Review Page in AWS Management Console
  1. Enter a name and description for the role, then select Create role.

You have now created an IAM policy for a bucket, created an IAM role, and attached the policy to the role.

  1. On the role summary page, locate and record the Role ARN value. In the next step, you will create a Snowflake integration that references this role.

Note

Snowflake caches the temporary credentials for a period that cannot exceed the 60-minute expiration time. If you revoke access from Snowflake, users might be able to list files and access data from the cloud storage location until the cache expires.

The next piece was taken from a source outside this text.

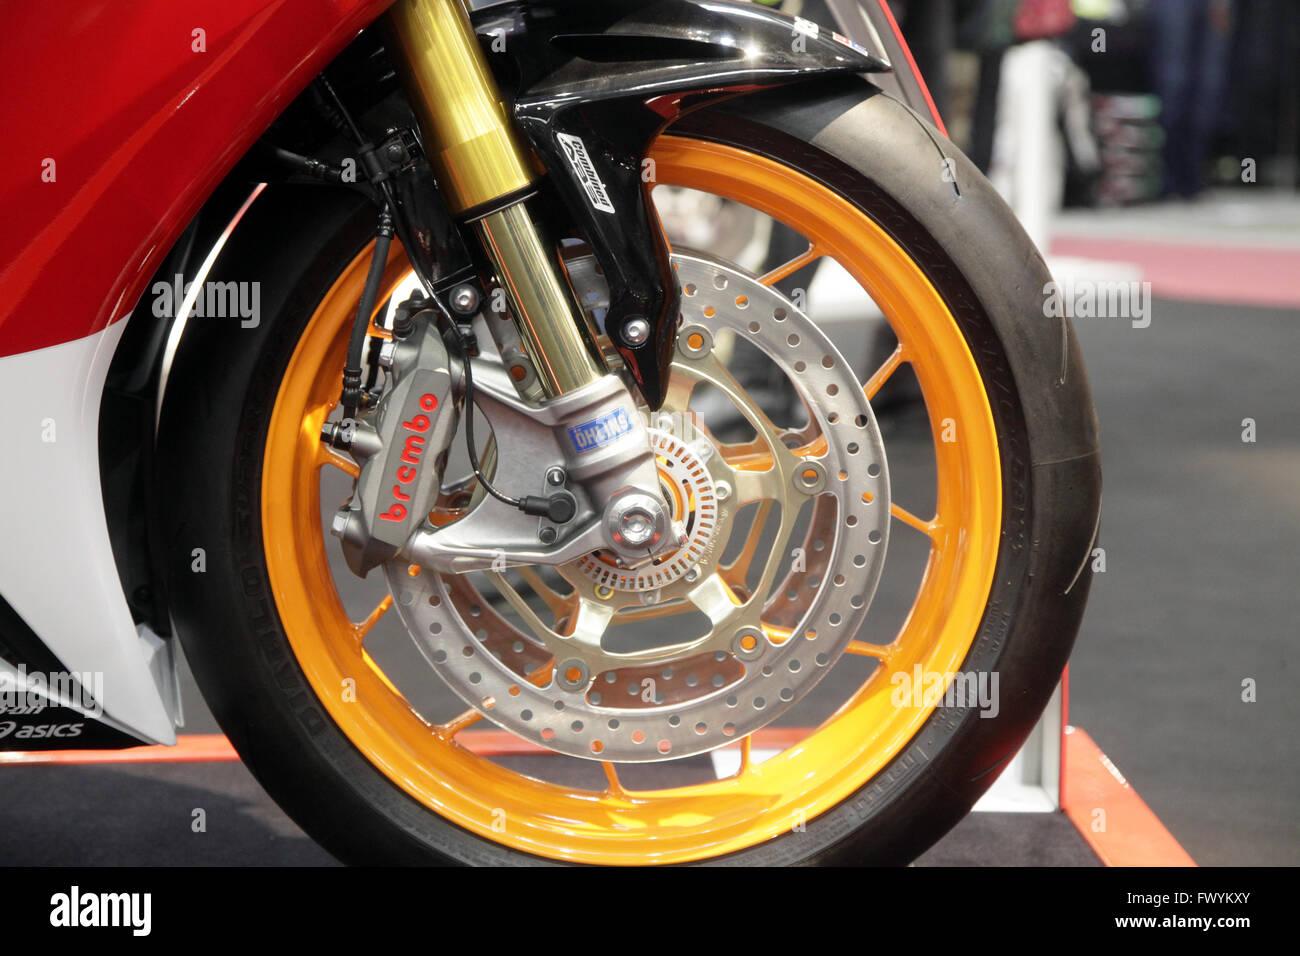 Un detalle del neumático mostrar un Brembo SpA componentes en la moto. Foto de stock

Step 3: Create a cloud storage integration in Snowflake

Create a storage integration using the CREATE STORAGE INTEGRATION command. A storage integration is a Snowflake object that stores a generated identity and access management (IAM) user for your S3 cloud storage, along with an optional set of allowed or blocked storage locations (that is, buckets). Cloud provider administrators in your organization grant permissions on the storage locations to the generated user. This option allows users to avoid supplying credentials when creating stages or loading data.

A single storage integration can support multiple external (that is, S3) stages. The URL in the stage definition must align with the S3 buckets (and optional paths) specified for the STORAGE_ALLOWED_LOCATIONS parameter.

Note

Only account administrators (users with the ACCOUNTADMIN role) or a role with the global CREATE INTEGRATION privilege can execute this SQL command.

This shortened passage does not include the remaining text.